Whitbread Round the World Race: An all-female voyage is reborn
by Suzanne McFadden 9 Aug 2018 12:29 BST
23 July 2018
Maiden - Whitbread Round the World Race 1989/90 © YachtsandYachting
The first time Maiden sailed into Auckland, on a balmy night in January 1990, a phenomenal crowd of 14,000 people lined the waterfront to wave her in. It didn't matter that it was 1am, or that Sir Peter Blake’s unbeatable Steinlager II had already won line honours three days before.
They'd come to celebrate the crew of 12 yachtswomen who were pioneers in that 1989-90 Whitbread round-the-world race, including one Kiwi - Auckland sailor and rigger Amanda Swan (known by her crewmates as Mandi).
Newsroom journalist Alexia Russell, who happened to be Swan’s rowing pairs partner, was at the finish-line to report on Maiden’s finish. The New Zealand Herald held the front page for the news.
The throng of fans weren’t there simply because the sailors, for the first time, were all women, but because they were true race contenders - the first boat in their division to finish the leg from Fremantle to Auckland.
“The scene was pretty unbelievable,” Russell remembers. “The fact that it was the early hours of the morning did little to dissuade Aucklanders from turning up. The girls on Maiden were bowled over – you could see it on their faces.”
Maiden’s extraordinary skipper Tracey Edwards – a young Englishwoman who’d been a cook on board Atlantic Privateer in the previous Whitbread Race, and hated it - had mortgaged her house to buy an old boat which had already sailed once around the world.
When she couldn’t find anyone to support her dream of sailing around the globe with an all-women’s crew, King Hussein of Jordan stepped in.

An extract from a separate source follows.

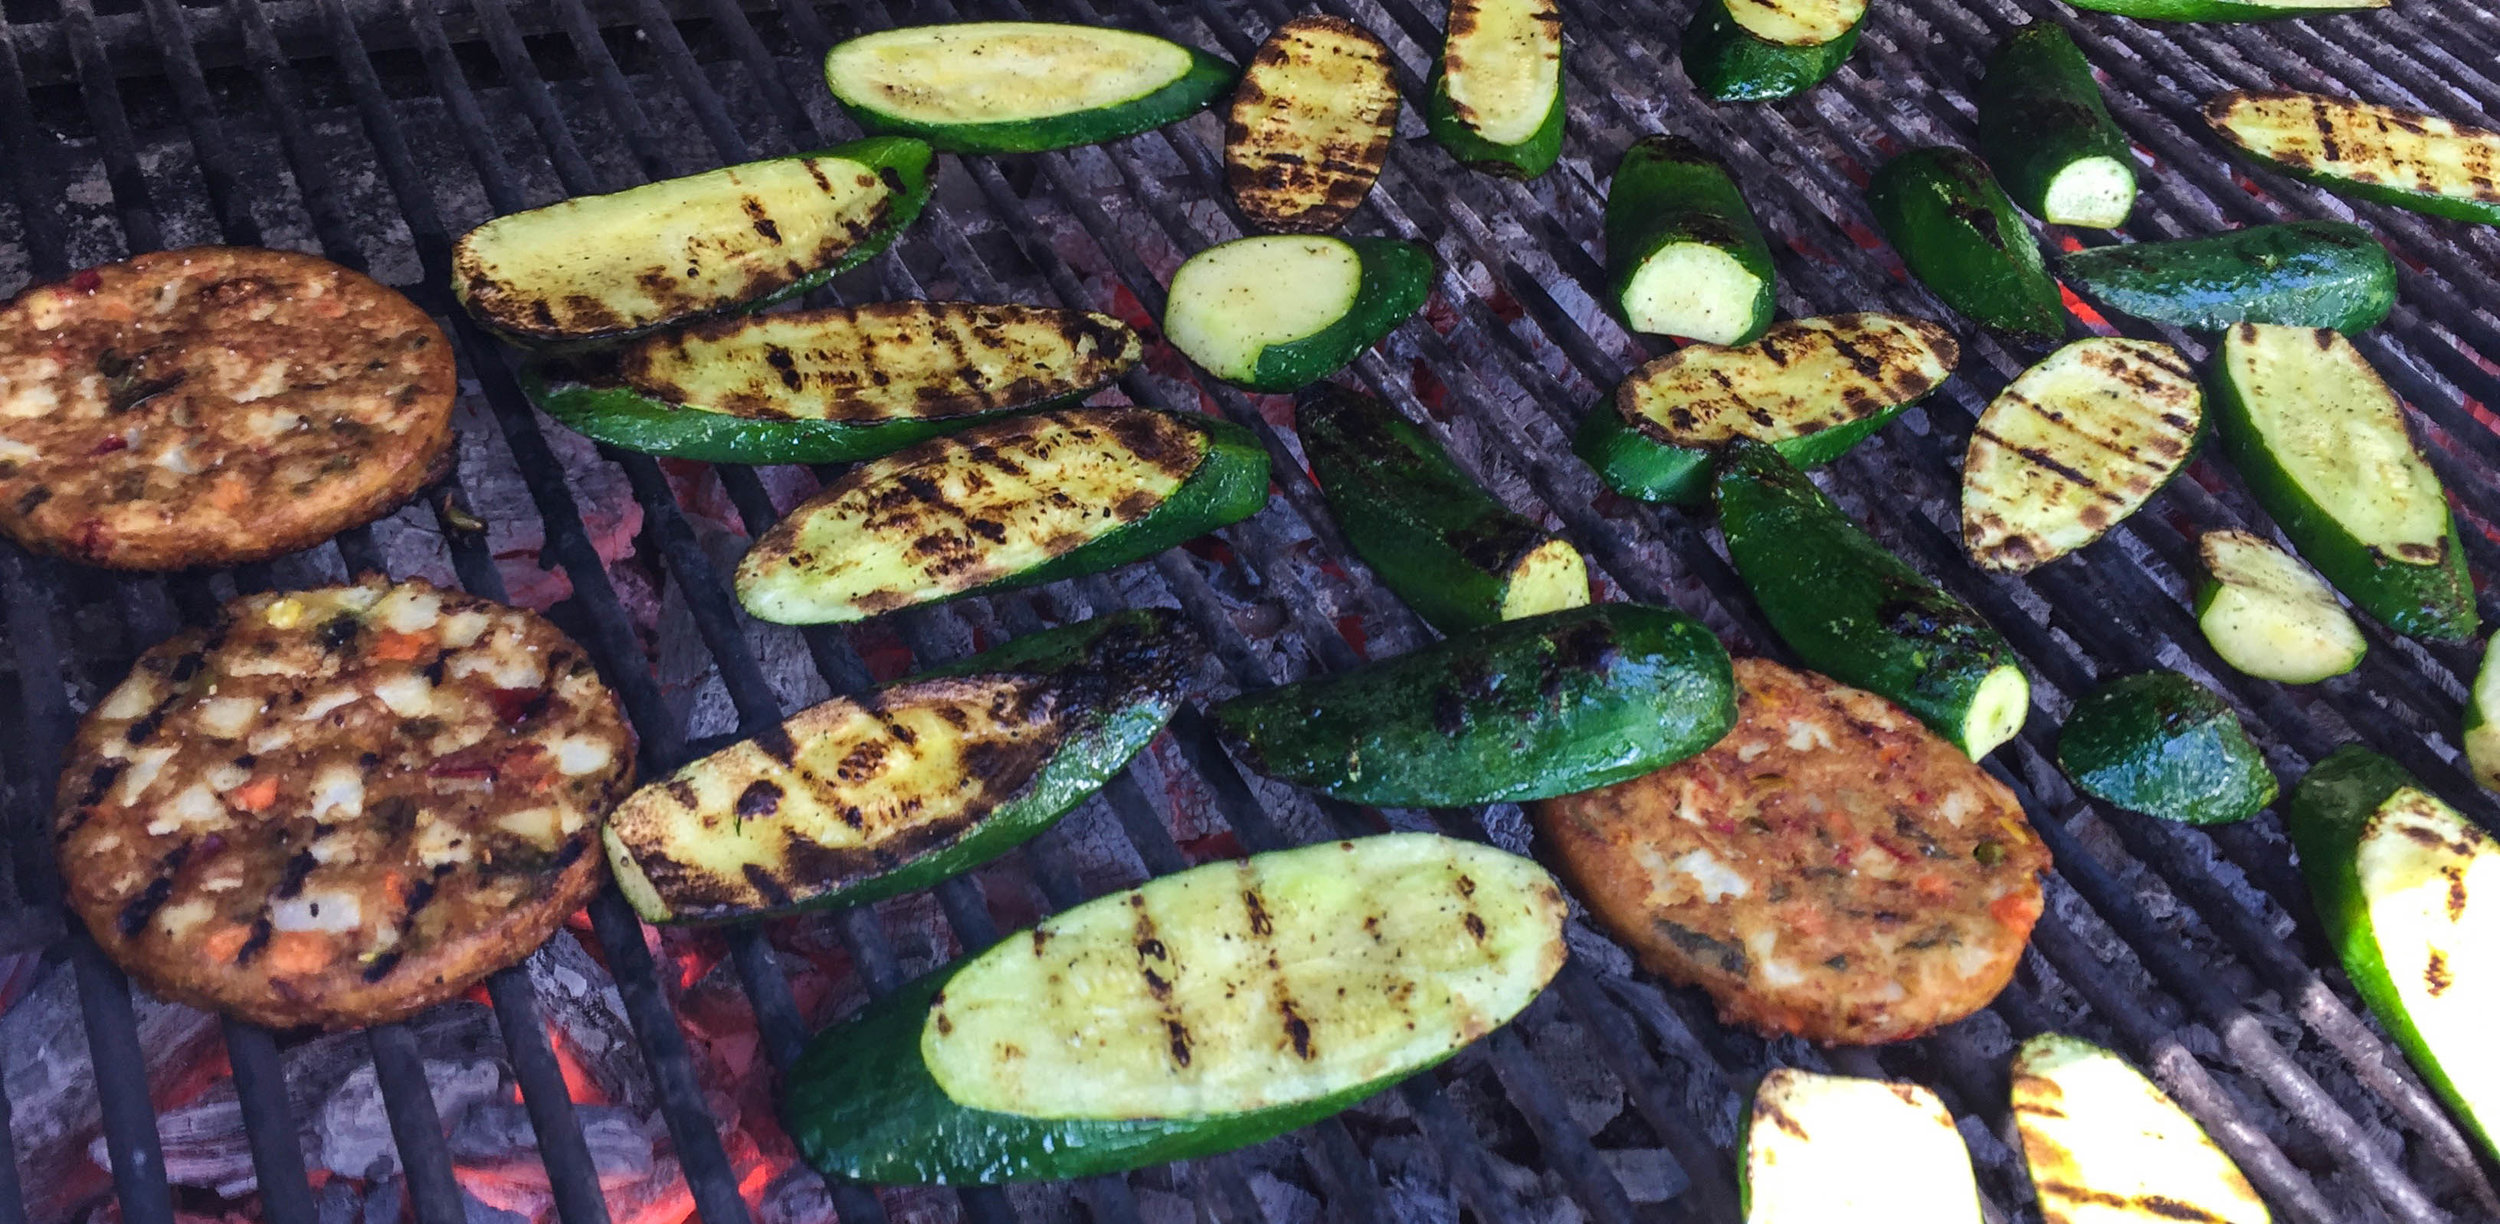 Vegetarian Grill

Edwards had met the King by chance, working as a stewardess on a charter yacht in Newport, Rhode Island. She was washing dishes in the galley, King Hussein picked up a tea-towel, and they struck up a lifelong friendship. The Maiden team bore the logo of Royal Jordanian Airlines.
The crew on Maiden did more than win two legs, and finish second overall in their division. They burst through a glass ceiling, inspiring women and girls the world over to sail.
Almost 30 years later, Edwards has rescued her beloved Maiden from rotting away in the Indian Ocean. With the financial support of the late King’s daughter, Princess Haya Bint Al Hussein, the fully restored boat will leave Southampton next month on a three-year voyage around the globe – including a stopover in Auckland.
It’s likely that at some point of the journey, there will be New Zealand yachtswomen on board.
The 58ft aluminium sloop, drawn up by celebrated Kiwi designer Bruce Farr, was salvaged from the Seychelles, where Edwards found her in a distressing state of ruin.